Iranian authorities say the oil-driven economy can ride out anything the international community can impose, but plans are under way to sharply reduce costly state subsidies on fuel and basic foods.

For Khamenei, the criticism by Qom clerics carry a specific sting. It challenges the very roots of Iran’s system of rule by clerics.

Khamenei was the hand-picked successor to the Ayatollah Ruhollah Khomeini, the charismatic father of the Islamic Revolution who died in 1989. Some followers believe that the supreme leader is divinely inspired and answerable only to God.

In recent weeks, authorities have blocked the websites of at least three senior reform-minded clerics to limit their access to the public and supporters.

Grand Ayatollah Nasser Makarem Shirazi, one of the leading religious scholars in Qom, accused Ahmadinejad’s government last month of lying about the country’s economic situation.

“Statistics about reducing inflation are constantly released but contradict what the people see by their own eyes,” Shirazi was quoted by the media as saying. “When state statistics don’t correspond with reality, people lose confidence in government.”

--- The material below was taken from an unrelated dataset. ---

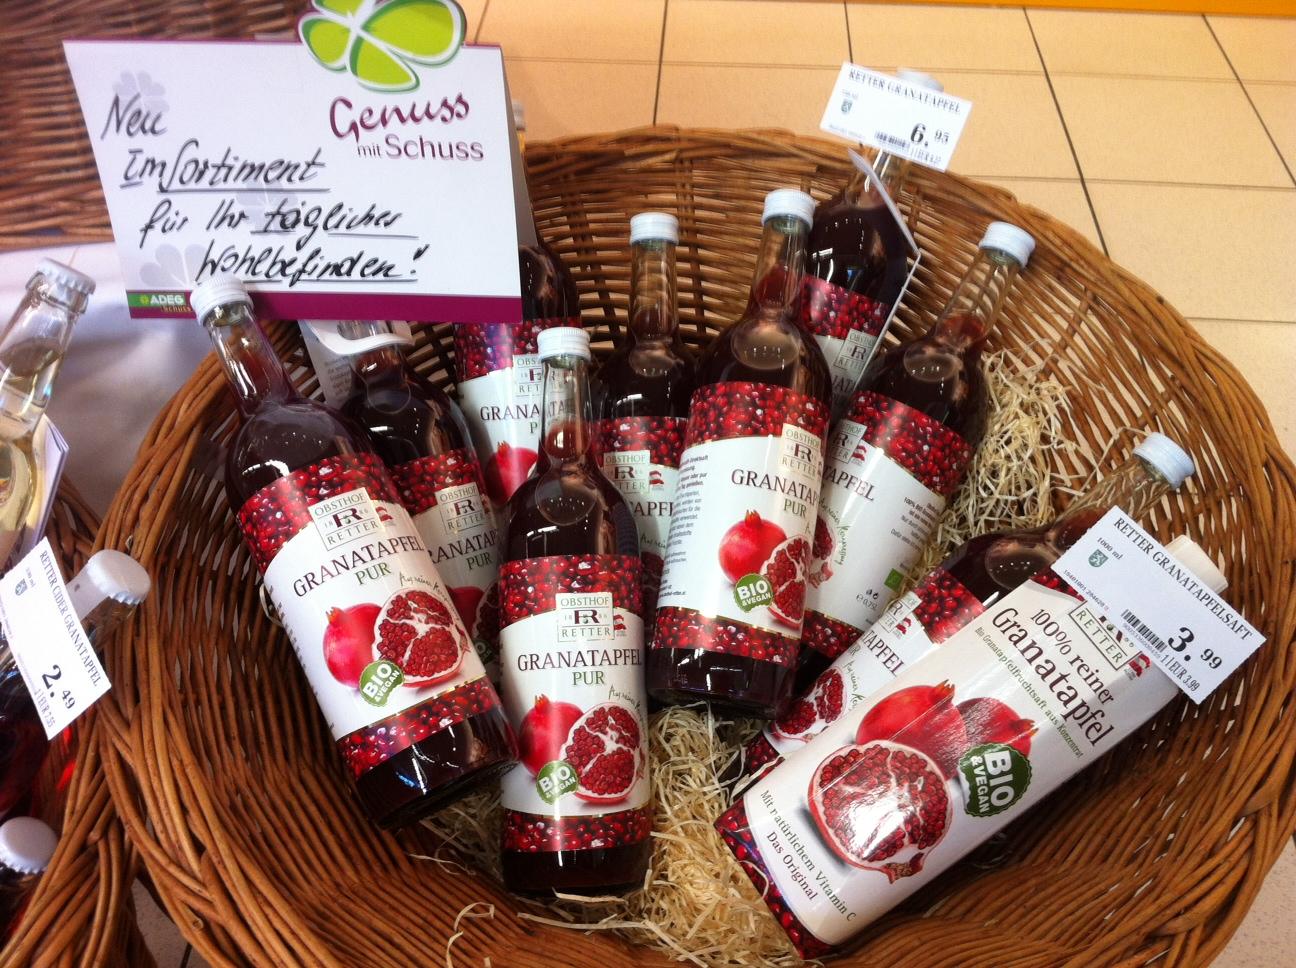 Granatapfel enthält wertvolle antioxidative Stoffe

The Grand Ayatollah Hossein Ali Montazeri, who died last December, spent years under house arrest after falling out with Khomeini. Last year, he decried the “despotic treatment” of protesters at the hand of the Islamic leadership and accused ruling clerics of committing “crimes ... in name of Islam.”

Iran’s parliament speaker Ali Larijani, who is close to Khamenei, fired back Sunday. “There is no gap between the leader and the senior clerics,” he said, according to the semiofficial Mehr news agency.

Khamenei also is using the extended stay in Qom to boost his own theological credentials.

After Khomeini’s death, Khamenei was promoted to the senior rank of ayatollah without the rigorous scholarly work typically required. He also has not published his “treatise,” or a book of his teachings, as most senior Shiite clerics do.

Some analysts believe Khamenei may also be testing support for his son Mojtaba to eventually take over.

“This would be the opportunity to try to win backing for Mojtaba,” said Rasool Nafisi, an Iranian affairs expert at Strayer University in Virginia. “Khamenei has groomed his son. Now he needs to work on the Qom clerics.”

Iran’s opposition websites said Khamenei’s trip to Qom was taking place under extensive security measures together with costly propaganda to draw a large crowd to give the leader a spectacular welcome.